The view that “Gaming” would be the next leg of crypto user growth has lost steam as most P2E economies have fallen apart + token prices have fallen ~60-90% across the board. So let’s look through the opportunity, problems with the current structure, and how Crypto Games could be structured in the future to both attract organic users, but also build sustainable businesses.
The Gaming Opportunity:
According to Take Two, the global video game market size is $235bn per year (in 2022). This is dominated by mobile gaming, which represents ~60% of total gross revenue.

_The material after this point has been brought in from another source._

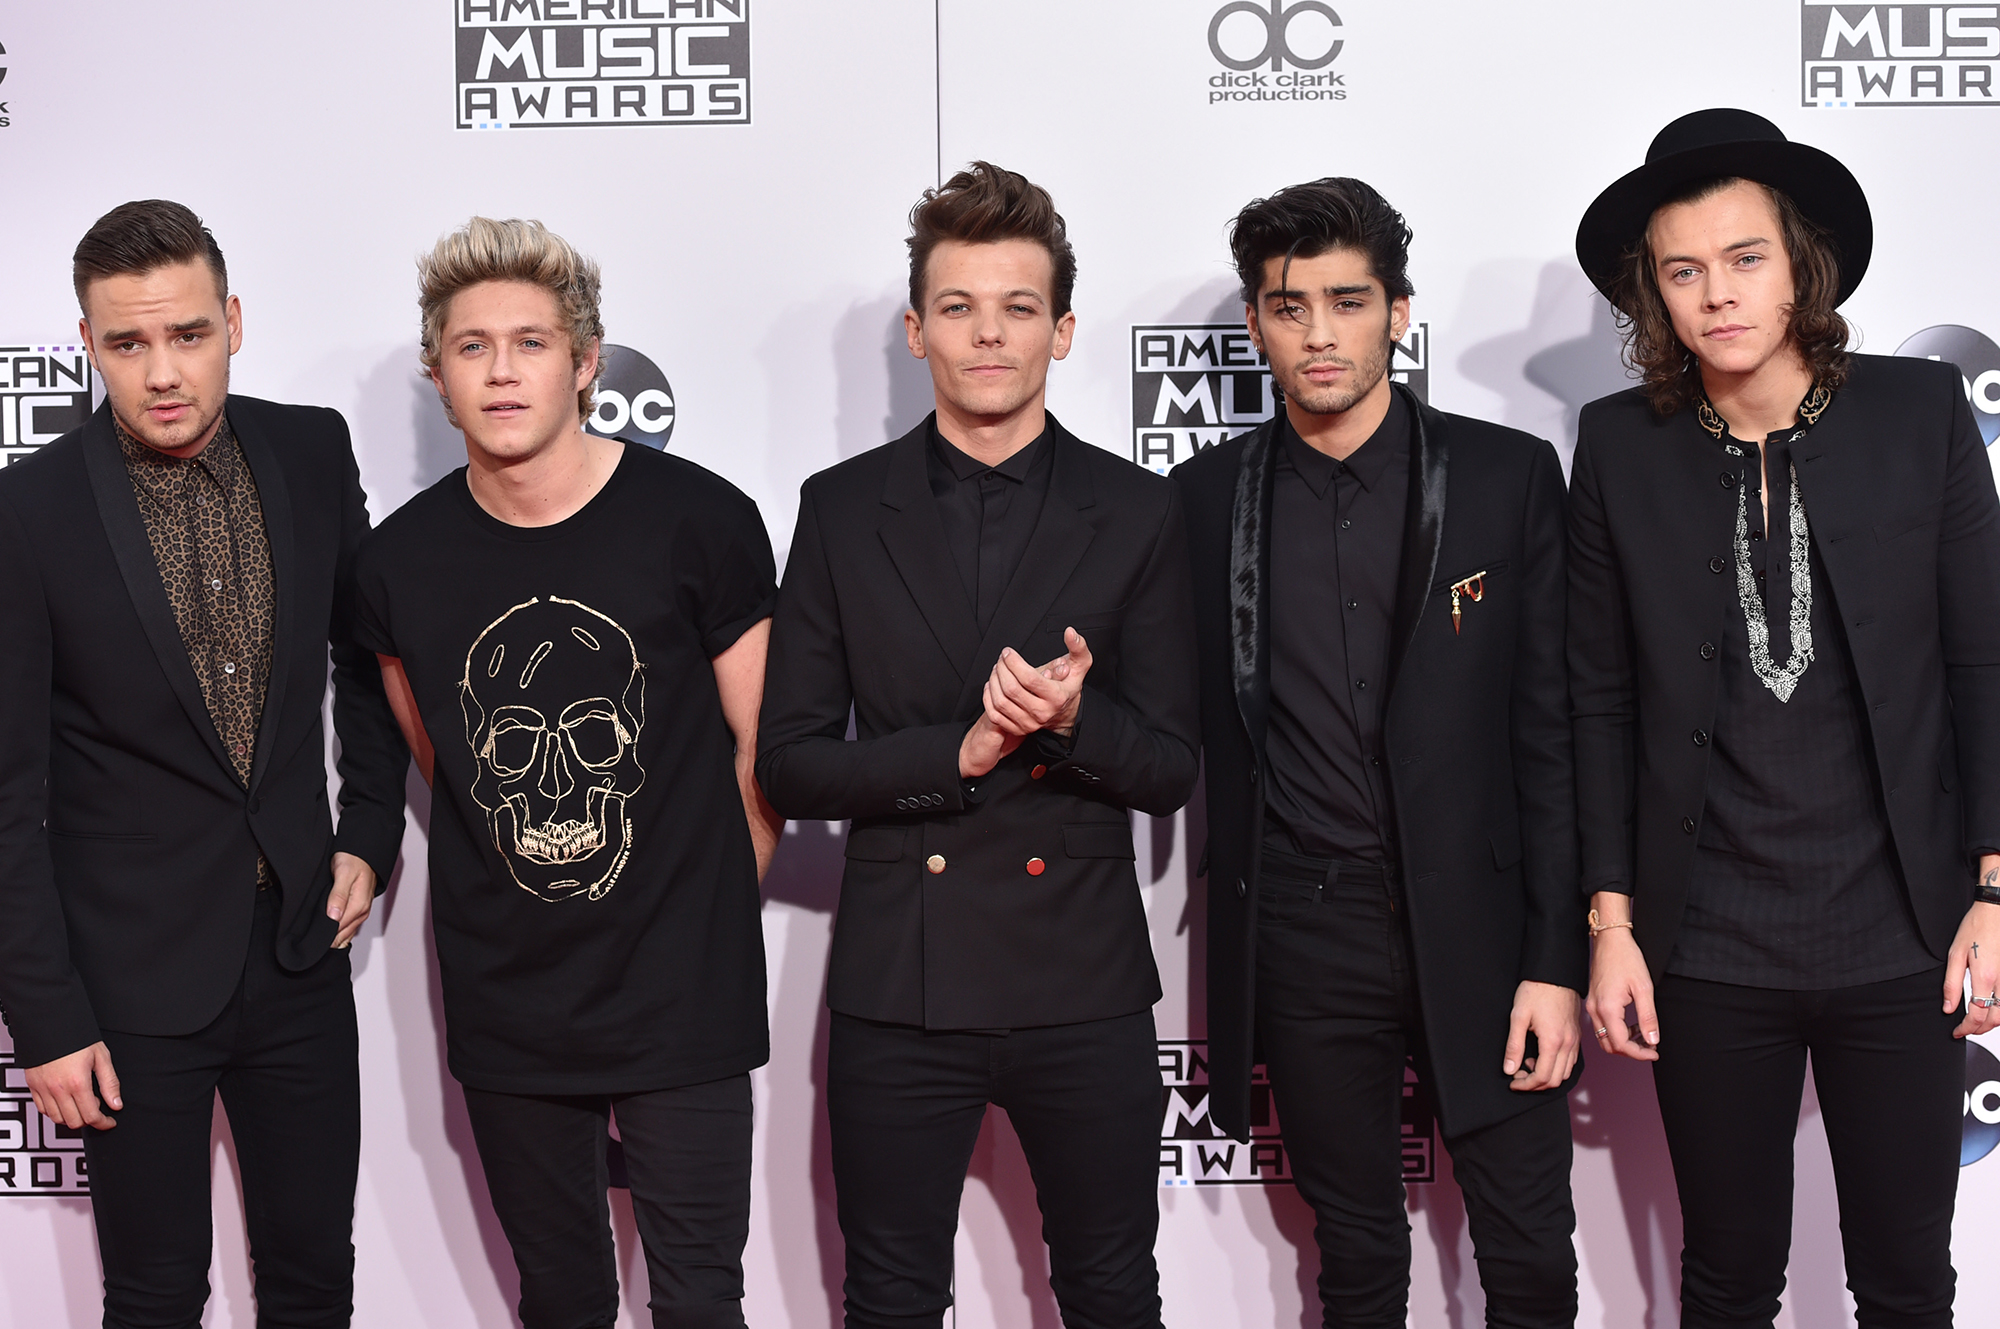 Zayn Malik didn't buy One Direction's new album because their music was  'never cool', The Independent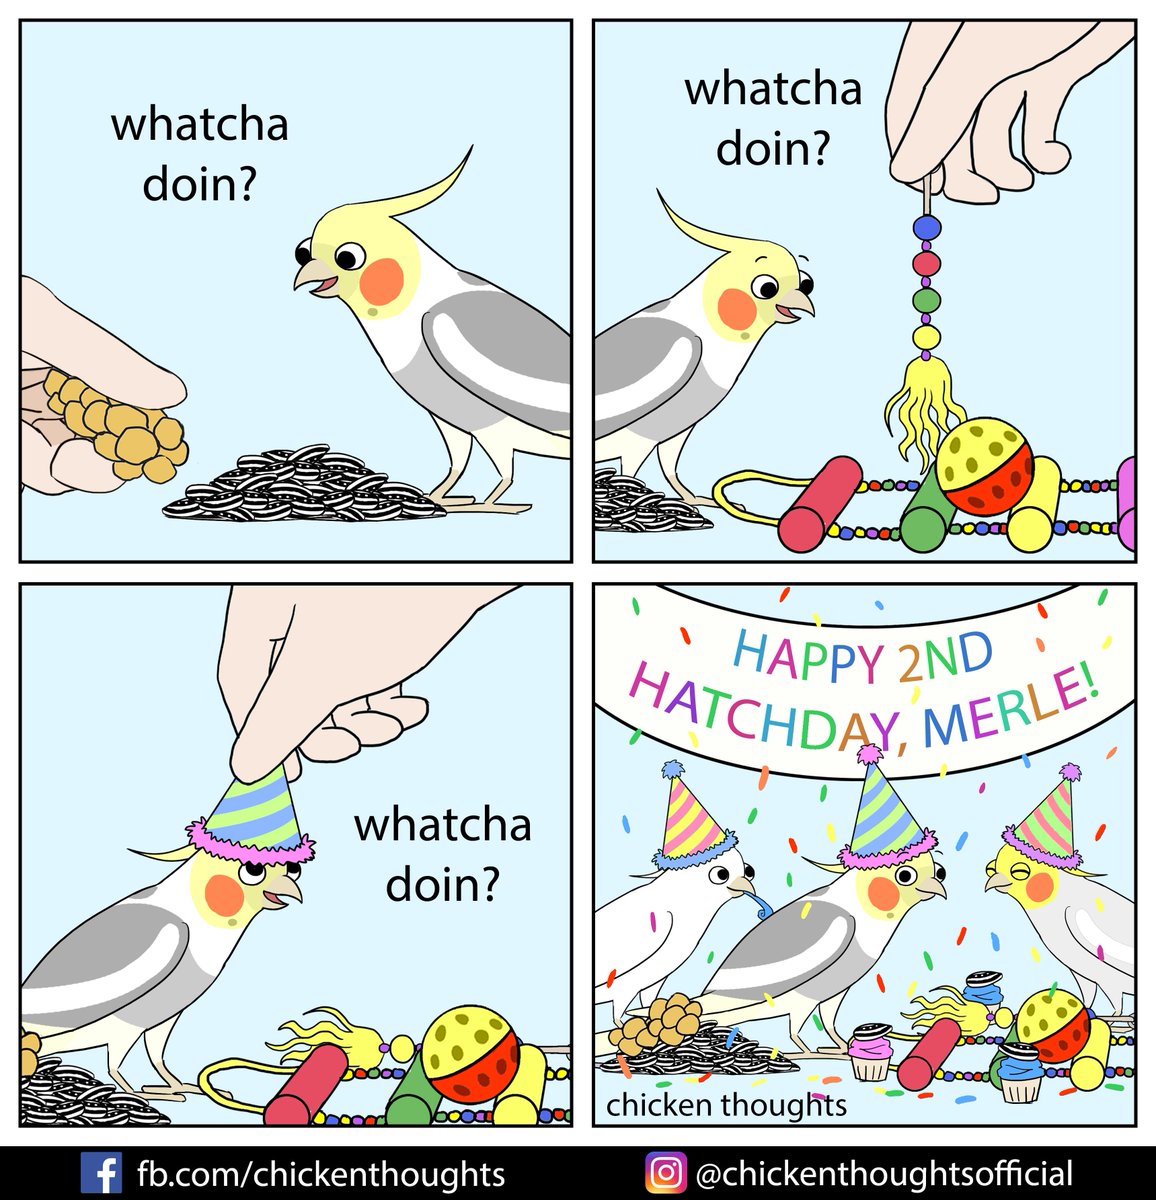 Happy Hatchday to our fren Merle the Talking 'Tiel who brings us smiles every day! We love you! https://t.co/Wr5BZev6rV

There are now over 3bn active video game players (also according to TTWO), making it one of the largest forms of entertainment in the world. From a pure market cap perspective, the sum of the major gaming companies (examples including Tencent, Sony, Activision, Nintendo, Roblox, EA, Take Two, Bandai, Ubisoft and excluding Microsoft for conservatism) is a total value of over $750bn, which is basically equal to the entire market cap of crypto excluding stables at time of writing.
Compare this to the size of the total Gaming crypto market cap of just ~$11bn today, and you can see that there is at least a lot of potential from a size / valuation perspective.
Or from a pure user growth perspective, 3bn monthly active users is just a tad bit higher than the ~870k we have in crypto games today (3,400x more). Why hasn’t crypto gaming seen more explosive growth? Let’s examine the problems with gaming thus far.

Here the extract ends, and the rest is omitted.